Performance - AWS Storage Gateway

Amazon S3 File Gateway documentation has been moved to What is Amazon S3 File Gateway?

Amazon FSx File Gateway documentation has been moved to What is Amazon FSx File Gateway?

Tape Gateway documentation has been moved to What is Tape Gateway?

Performance

This section describes Storage Gateway performance.

Optimizing Gateway Performance

The following bottlenecks can reduce the performance of your Tape Gateway below the theoretical maximum:

  • CPU core count

  • Disk throughput

  • Total RAM count

  • Network bandwidth to AWS

  • Network bandwidth from initiator to gateway

In this section, you can find information about how to optimize the performance of your gateway. The guidance is based on adding resources to your gateway and adding resources to your application server.

Add Resources to Your Gateway

You can optimize gateway performance by adding resources to your gateway in one or more of the following ways.

Use higher-performance disks

Disk throughput and CPU core count can limit your upload and download performance below the theoretical maximum. If your gateway is exhibiting performance significantly below the theoretical maximum consider:

  • Add more CPU cores

  • Improve cache and upload buffer disk throughput. You can use a striped RAID such as RAID 0 (or RAID 5 for data protection) to accomplish this.

    RAID (redundant array of independent disks) or disk striping, is the process of dividing a body of data into blocks and spreading the data blocks across multiple storage devices. The RAID level you use affects the exact speed and fault tolerance you can achieve from RAID.

To optimize gateway performance, you can add high-performance disks such as solid-state drives (SSDs) and a NVMe controller. You can also attach virtual disks to your VM directly from a storage area network (SAN) instead of the Microsoft Hyper-V NTFS. Improved disk performance generally results in better throughput and more input/output operations per second (IOPS).

To measure throughput, use the ReadBytes and WriteBytes metrics with the Samples Amazon CloudWatch statistic. For example, the Samples statistic of the ReadBytes metric over a sample period of 5 minutes divided by 300 seconds gives you the IOPS. As a general rule, when you review these metrics for a gateway, look for low throughput and low IOPS trends to indicate disk-related bottlenecks. .

Note

CloudWatch metrics are not available for all gateways. For information about gateway metrics, see Monitoring Storage Gateway.

Add CPU resources to your gateway host

The minimum requirement for a gateway host server is four virtual processors. To optimize gateway performance, confirm that the four virtual processors that are assigned to the gateway VM are backed by four cores. In addition, confirm that you are not oversubscribing the CPUs of the host server.

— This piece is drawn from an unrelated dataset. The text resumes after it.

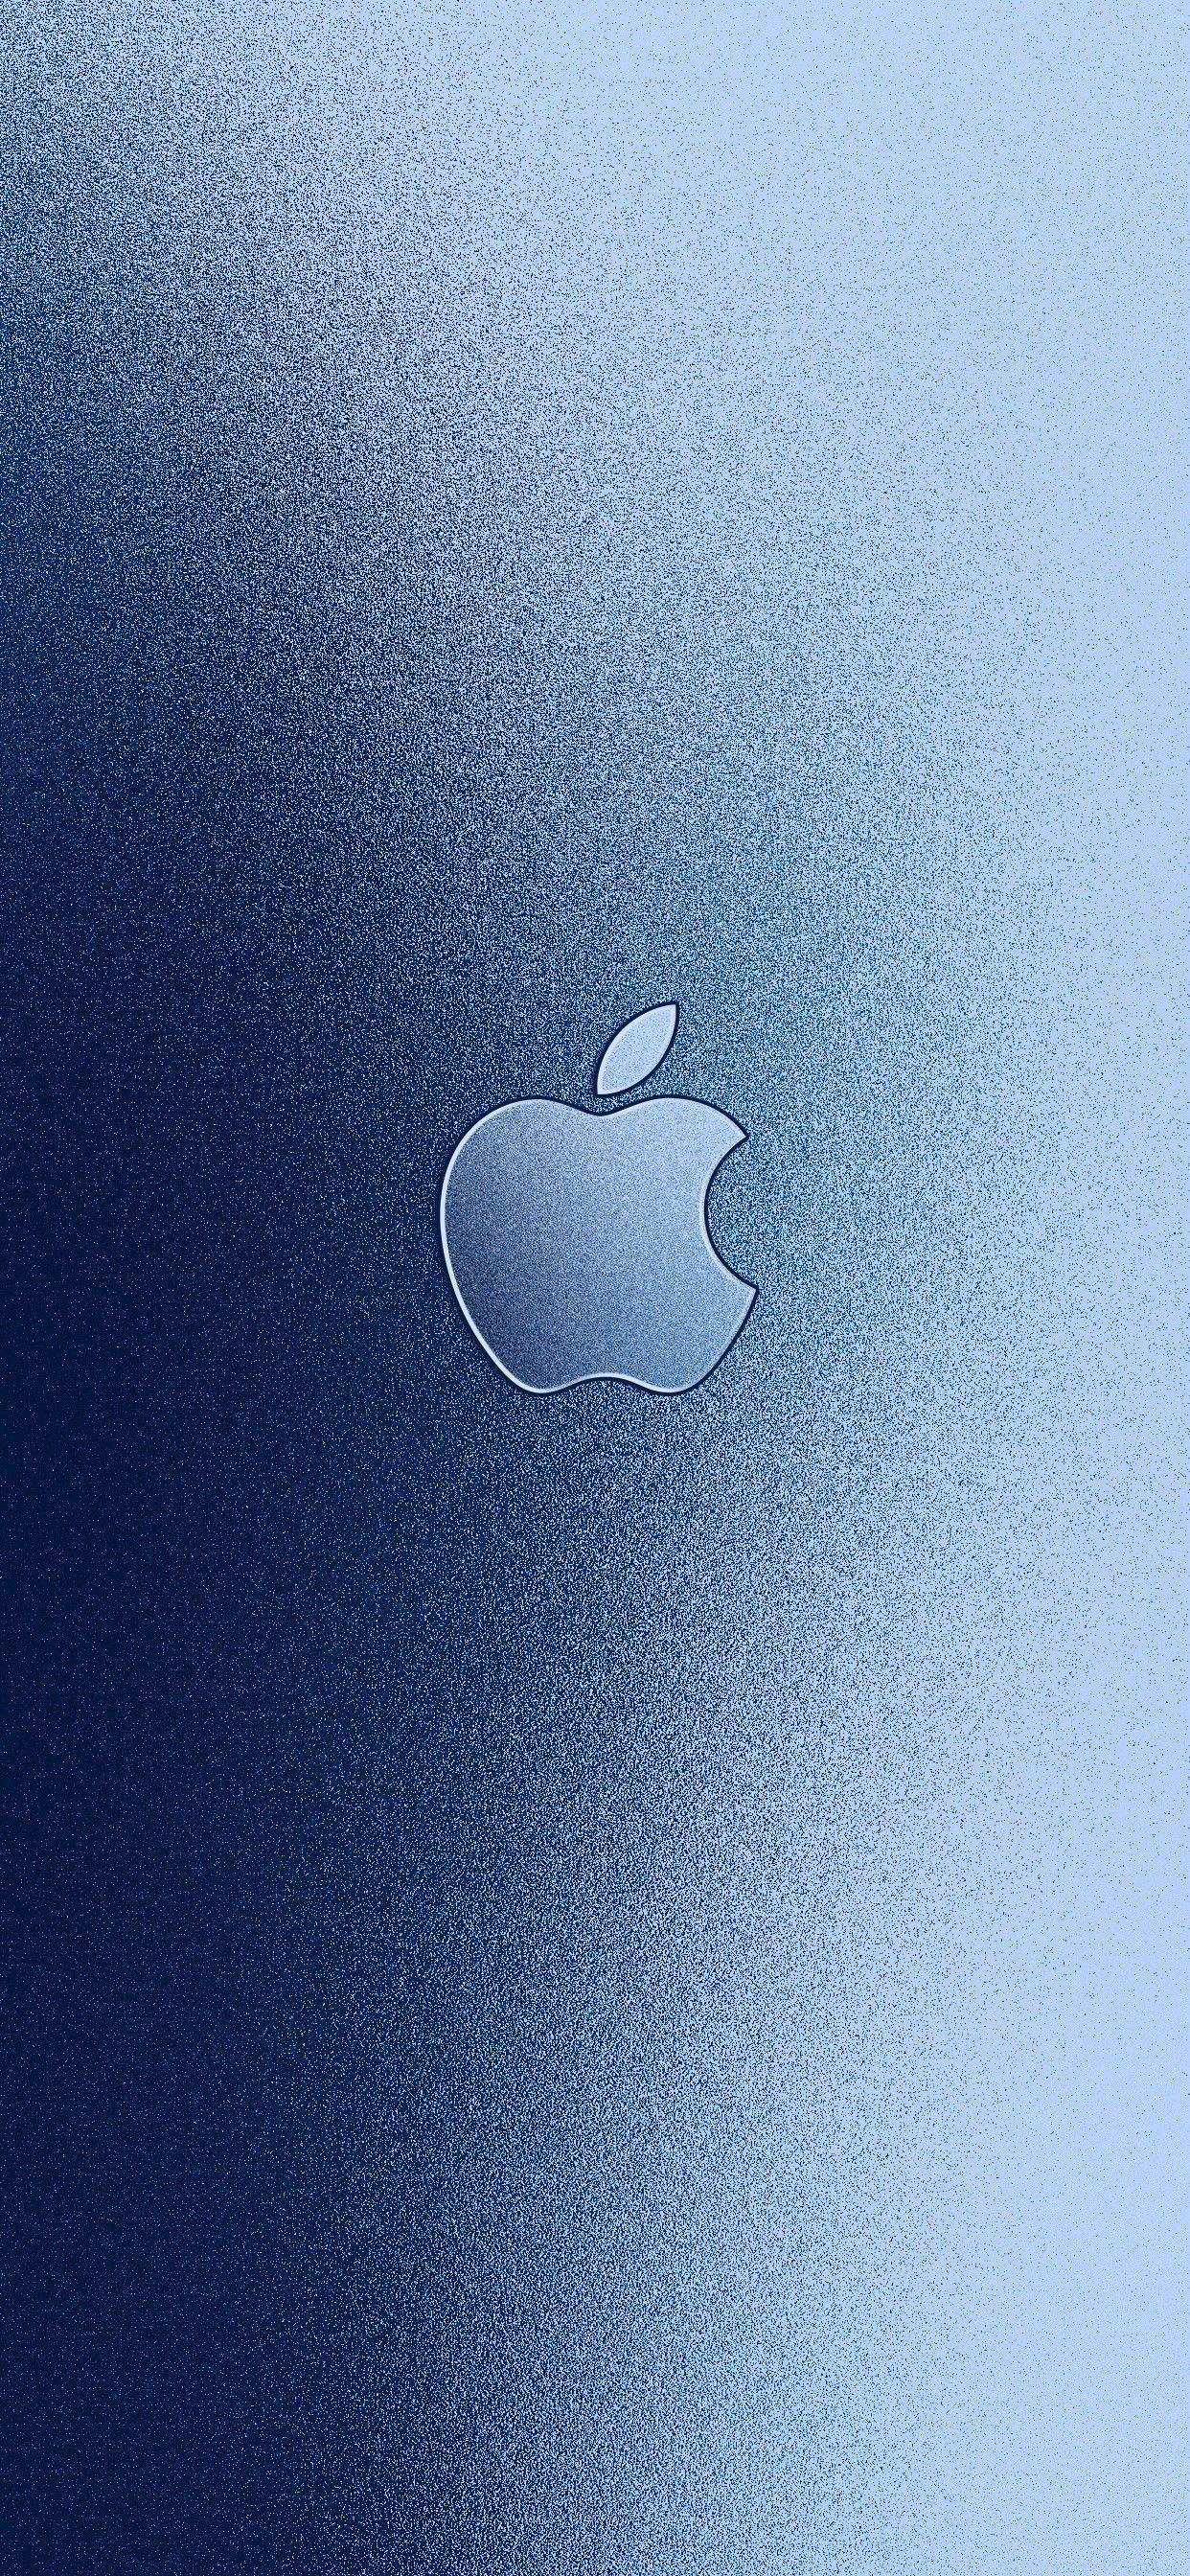 Apple Logo 4k Wallpapers Top Free Apple Logo 4k Backgrounds Wallpaperaccess

When you add additional CPUs to your gateway host server, you increase the processing capability of the gateway. Doing this allows your gateway to deal with, in parallel, both storing data from your application to your local storage and uploading this data to Amazon S3. Additional CPUs also help ensure that your gateway gets enough CPU resources when the host is shared with other VMs. Providing enough CPU resources has the general effect of improving throughput.

Storage Gateway supports using 24 CPUs in your gateway host server. You can use 24 CPUs to significantly improve the performance of your gateway. We recommend the following gateway configuration for your gateway host server:

  • 24 CPUs.

  • For Volume Gateway, your hardware should dedicate the following amounts of RAM:

    • 16 GiB of reserved RAM for gateways with cache size up to 16 TiB

    • 32 GiB of reserved RAM for gateways with cache size 16 TiB to 32 TiB

    • 48 GiB of reserved RAM for gateways with cache size 32 TiB to 64 TiB

    For the gateway to perform at its full potential, you need at least 27 GiB of RAM.

  • Disk 1 attached to paravirtual controller 1, to be used as the gateway cache as follows:

    • SSD using an NVMe controller.

  • Disk 2 attached to paravirtual controller 1, to be used as the gateway upload buffer as follows:

    • SSD using an NVMe controller.

  • Disk 3 attached to paravirtual controller 2, to be used as the gateway upload buffer as follows:

    • SSD using an NVMe controller.

  • Network adapter 1 configured on VM network 1:

    • Use VM network 1 and add VMXnet3 (10 Gbps) to be used for ingestion.

  • Network adapter 2 configured on VM network 2:

    • Use VM network 2 and add a VMXnet3 (10 Gbps) to be used to connect to AWS.

Back gateway virtual disks with separate physical disks

When you provision gateway disks, we strongly recommend that you don't provision local disks for the upload buffer and cache storage that use the same underlying physical storage disk. For example, for VMware ESXi, the underlying physical storage resources are represented as a data store. When you deploy the gateway VM, you choose a data store on which to store the VM files. When you provision a virtual disk (for example, as an upload buffer), you can store the virtual disk in the same data store as the VM or a different data store.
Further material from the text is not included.